__Work to complete__: Starting with the line that contains "Altavoz Bluetooth Magnussen" and stopping after the line that contains "Składane krzesełka stadionowe", return each line below exactly as written, with no others.

__Records provided__:
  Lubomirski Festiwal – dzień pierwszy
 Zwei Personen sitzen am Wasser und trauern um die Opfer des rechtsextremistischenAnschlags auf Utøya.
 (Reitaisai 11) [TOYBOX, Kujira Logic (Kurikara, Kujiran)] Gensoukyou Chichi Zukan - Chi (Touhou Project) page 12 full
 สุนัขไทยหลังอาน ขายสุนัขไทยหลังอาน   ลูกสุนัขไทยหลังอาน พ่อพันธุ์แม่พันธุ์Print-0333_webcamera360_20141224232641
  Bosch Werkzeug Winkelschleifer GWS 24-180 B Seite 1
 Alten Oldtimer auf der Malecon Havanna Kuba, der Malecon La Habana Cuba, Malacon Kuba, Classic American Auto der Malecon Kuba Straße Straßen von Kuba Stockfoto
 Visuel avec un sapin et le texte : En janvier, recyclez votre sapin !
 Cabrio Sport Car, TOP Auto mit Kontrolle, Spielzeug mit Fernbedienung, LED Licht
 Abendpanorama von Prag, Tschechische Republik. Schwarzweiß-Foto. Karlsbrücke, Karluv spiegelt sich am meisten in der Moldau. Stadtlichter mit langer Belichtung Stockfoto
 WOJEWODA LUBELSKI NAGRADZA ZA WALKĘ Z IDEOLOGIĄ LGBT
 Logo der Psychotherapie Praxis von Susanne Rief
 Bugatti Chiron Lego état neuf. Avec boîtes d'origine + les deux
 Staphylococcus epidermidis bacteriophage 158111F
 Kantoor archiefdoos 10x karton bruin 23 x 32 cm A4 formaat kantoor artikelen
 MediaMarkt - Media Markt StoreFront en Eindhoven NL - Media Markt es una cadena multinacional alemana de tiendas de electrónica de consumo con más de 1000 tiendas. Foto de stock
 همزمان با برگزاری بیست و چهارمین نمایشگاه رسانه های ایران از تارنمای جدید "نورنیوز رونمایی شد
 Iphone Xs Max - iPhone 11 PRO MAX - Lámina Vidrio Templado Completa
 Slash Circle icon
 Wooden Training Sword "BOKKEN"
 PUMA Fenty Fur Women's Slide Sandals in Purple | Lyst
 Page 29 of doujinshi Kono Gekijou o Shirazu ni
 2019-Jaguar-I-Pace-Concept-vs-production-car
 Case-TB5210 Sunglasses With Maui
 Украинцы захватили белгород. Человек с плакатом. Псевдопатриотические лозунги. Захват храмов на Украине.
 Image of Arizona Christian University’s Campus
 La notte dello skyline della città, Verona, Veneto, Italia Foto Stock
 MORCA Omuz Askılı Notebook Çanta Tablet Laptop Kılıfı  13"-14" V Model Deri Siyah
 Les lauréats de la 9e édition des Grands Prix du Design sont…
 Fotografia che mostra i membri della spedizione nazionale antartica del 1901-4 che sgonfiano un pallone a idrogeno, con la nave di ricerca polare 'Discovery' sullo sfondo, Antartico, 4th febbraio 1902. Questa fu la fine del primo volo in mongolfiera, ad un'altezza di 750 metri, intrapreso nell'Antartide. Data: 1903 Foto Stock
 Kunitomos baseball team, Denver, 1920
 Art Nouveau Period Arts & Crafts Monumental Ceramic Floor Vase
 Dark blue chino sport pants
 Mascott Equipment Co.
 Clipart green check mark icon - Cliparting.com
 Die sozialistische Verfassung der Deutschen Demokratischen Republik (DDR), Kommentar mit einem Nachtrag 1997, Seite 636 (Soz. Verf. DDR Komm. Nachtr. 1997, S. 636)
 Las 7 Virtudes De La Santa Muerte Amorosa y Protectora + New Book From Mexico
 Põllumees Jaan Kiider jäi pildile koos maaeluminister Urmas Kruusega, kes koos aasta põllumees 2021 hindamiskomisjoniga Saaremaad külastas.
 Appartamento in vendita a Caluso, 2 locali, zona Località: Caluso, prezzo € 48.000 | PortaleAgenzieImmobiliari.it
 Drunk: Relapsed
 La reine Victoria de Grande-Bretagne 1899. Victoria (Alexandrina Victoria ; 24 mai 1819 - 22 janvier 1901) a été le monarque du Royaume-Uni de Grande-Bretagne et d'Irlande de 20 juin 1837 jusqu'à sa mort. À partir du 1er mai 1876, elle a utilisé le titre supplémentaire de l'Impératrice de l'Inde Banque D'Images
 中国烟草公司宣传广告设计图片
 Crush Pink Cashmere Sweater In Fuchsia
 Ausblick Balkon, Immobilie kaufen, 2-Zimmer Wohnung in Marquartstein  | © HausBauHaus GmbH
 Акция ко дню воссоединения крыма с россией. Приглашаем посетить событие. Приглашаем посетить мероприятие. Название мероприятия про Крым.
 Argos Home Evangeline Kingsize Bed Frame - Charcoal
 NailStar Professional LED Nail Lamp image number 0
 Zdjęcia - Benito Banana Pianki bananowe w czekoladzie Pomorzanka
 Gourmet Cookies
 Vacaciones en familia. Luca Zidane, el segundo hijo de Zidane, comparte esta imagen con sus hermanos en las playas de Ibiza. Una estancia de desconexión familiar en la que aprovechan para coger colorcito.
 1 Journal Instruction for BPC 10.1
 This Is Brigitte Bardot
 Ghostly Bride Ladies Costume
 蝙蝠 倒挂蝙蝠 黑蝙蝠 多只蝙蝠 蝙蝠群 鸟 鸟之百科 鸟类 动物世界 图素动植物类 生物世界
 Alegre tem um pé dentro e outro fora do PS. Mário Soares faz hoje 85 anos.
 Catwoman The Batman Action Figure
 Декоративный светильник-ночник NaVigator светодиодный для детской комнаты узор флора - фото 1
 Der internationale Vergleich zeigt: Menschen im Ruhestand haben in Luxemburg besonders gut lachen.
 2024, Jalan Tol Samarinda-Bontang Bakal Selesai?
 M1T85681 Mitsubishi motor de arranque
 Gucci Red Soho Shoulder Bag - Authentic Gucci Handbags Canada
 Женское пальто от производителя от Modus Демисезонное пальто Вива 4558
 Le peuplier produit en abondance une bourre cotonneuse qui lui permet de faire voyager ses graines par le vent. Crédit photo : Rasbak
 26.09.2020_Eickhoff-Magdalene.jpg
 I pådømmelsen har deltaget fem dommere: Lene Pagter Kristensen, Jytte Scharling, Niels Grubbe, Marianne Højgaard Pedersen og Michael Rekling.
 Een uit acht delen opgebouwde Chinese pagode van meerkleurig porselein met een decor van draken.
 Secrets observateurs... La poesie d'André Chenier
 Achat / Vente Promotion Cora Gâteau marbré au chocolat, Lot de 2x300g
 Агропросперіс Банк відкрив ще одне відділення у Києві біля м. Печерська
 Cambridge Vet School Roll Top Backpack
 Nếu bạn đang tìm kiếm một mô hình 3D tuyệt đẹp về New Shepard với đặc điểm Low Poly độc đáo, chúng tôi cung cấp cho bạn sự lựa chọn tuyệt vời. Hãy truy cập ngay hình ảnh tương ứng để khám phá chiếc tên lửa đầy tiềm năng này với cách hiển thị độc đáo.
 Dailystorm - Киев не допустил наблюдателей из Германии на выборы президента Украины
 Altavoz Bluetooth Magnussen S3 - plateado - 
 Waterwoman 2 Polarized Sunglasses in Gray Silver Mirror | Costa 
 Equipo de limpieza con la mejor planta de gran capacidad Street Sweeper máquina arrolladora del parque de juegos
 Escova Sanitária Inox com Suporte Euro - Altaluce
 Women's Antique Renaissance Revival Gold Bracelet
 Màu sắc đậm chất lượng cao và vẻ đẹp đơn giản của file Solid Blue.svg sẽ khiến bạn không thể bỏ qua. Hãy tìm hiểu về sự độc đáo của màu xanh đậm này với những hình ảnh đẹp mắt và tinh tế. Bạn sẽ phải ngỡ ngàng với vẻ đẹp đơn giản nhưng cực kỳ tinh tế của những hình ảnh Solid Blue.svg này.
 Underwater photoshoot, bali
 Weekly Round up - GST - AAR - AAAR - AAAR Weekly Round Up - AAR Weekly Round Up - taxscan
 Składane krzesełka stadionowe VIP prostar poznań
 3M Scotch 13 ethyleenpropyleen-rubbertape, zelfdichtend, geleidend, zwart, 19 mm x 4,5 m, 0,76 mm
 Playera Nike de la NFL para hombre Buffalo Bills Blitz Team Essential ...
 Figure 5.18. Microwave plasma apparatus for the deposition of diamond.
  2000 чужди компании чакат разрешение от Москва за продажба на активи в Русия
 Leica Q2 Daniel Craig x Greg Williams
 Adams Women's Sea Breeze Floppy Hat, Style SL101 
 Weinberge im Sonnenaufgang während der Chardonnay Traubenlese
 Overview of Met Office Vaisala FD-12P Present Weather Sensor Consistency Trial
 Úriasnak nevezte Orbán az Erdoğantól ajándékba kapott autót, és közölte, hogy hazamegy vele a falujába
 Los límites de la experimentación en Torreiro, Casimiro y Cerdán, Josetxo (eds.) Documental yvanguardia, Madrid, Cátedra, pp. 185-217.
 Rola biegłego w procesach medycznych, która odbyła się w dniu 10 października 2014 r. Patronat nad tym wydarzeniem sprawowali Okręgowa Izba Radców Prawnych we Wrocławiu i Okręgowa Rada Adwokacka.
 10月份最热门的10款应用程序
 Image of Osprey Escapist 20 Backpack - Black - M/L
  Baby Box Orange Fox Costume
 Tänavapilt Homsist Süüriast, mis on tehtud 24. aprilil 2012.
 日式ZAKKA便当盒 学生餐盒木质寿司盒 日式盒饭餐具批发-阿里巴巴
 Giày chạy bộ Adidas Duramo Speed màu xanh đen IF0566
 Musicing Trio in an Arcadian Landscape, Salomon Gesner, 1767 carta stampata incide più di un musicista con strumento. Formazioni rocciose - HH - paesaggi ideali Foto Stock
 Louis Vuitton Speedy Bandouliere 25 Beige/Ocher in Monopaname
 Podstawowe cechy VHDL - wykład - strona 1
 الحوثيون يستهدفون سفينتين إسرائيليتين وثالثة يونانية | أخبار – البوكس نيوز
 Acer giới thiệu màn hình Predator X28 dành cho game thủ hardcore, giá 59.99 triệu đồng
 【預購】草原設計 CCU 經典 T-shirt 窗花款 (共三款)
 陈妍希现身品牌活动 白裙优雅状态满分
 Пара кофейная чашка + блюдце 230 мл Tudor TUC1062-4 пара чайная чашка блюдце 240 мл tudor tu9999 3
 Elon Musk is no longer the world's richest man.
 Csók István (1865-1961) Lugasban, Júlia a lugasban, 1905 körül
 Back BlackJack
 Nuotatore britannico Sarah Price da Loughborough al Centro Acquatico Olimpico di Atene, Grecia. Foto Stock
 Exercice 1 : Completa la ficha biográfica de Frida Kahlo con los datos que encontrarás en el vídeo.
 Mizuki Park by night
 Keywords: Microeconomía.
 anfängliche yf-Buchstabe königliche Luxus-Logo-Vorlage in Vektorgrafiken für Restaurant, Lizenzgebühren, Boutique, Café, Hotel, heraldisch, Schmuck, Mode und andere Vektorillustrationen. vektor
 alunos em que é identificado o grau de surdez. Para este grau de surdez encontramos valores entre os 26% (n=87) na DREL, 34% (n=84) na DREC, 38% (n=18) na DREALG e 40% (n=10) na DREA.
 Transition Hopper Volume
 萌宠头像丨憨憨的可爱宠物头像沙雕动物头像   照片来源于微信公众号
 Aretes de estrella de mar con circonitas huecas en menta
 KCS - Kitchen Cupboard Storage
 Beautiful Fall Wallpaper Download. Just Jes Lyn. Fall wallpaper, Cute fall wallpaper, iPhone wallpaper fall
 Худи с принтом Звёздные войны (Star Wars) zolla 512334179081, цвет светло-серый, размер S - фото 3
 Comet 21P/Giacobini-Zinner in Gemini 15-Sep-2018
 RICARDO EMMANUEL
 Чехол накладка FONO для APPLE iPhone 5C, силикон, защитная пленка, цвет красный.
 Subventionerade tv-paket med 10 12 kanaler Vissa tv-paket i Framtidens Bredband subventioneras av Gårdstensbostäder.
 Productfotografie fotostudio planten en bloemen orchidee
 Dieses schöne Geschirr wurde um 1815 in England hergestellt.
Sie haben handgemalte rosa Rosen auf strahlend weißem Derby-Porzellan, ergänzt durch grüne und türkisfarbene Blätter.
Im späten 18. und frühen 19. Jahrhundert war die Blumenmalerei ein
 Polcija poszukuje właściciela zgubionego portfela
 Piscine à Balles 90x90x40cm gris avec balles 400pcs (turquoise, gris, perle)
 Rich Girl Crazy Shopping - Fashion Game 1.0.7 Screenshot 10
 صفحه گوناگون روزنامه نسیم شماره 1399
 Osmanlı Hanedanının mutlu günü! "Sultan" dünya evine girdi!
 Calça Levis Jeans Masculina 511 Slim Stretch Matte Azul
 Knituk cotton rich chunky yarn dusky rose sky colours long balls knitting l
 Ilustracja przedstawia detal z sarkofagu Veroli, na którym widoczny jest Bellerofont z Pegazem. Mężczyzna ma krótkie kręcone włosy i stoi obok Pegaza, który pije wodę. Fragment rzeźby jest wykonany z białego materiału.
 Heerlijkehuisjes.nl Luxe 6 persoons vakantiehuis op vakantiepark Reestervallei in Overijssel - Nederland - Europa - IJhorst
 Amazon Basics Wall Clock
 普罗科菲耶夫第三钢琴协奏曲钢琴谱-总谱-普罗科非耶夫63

__Solution__:
 Altavoz Bluetooth Magnussen S3 - plateado - 
 Waterwoman 2 Polarized Sunglasses in Gray Silver Mirror | Costa 
 Equipo de limpieza con la mejor planta de gran capacidad Street Sweeper máquina arrolladora del parque de juegos
 Escova Sanitária Inox com Suporte Euro - Altaluce
 Women's Antique Renaissance Revival Gold Bracelet
 Màu sắc đậm chất lượng cao và vẻ đẹp đơn giản của file Solid Blue.svg sẽ khiến bạn không thể bỏ qua. Hãy tìm hiểu về sự độc đáo của màu xanh đậm này với những hình ảnh đẹp mắt và tinh tế. Bạn sẽ phải ngỡ ngàng với vẻ đẹp đơn giản nhưng cực kỳ tinh tế của những hình ảnh Solid Blue.svg này.
 Underwater photoshoot, bali
 Weekly Round up - GST - AAR - AAAR - AAAR Weekly Round Up - AAR Weekly Round Up - taxscan
 Składane krzesełka stadionowe VIP prostar poznań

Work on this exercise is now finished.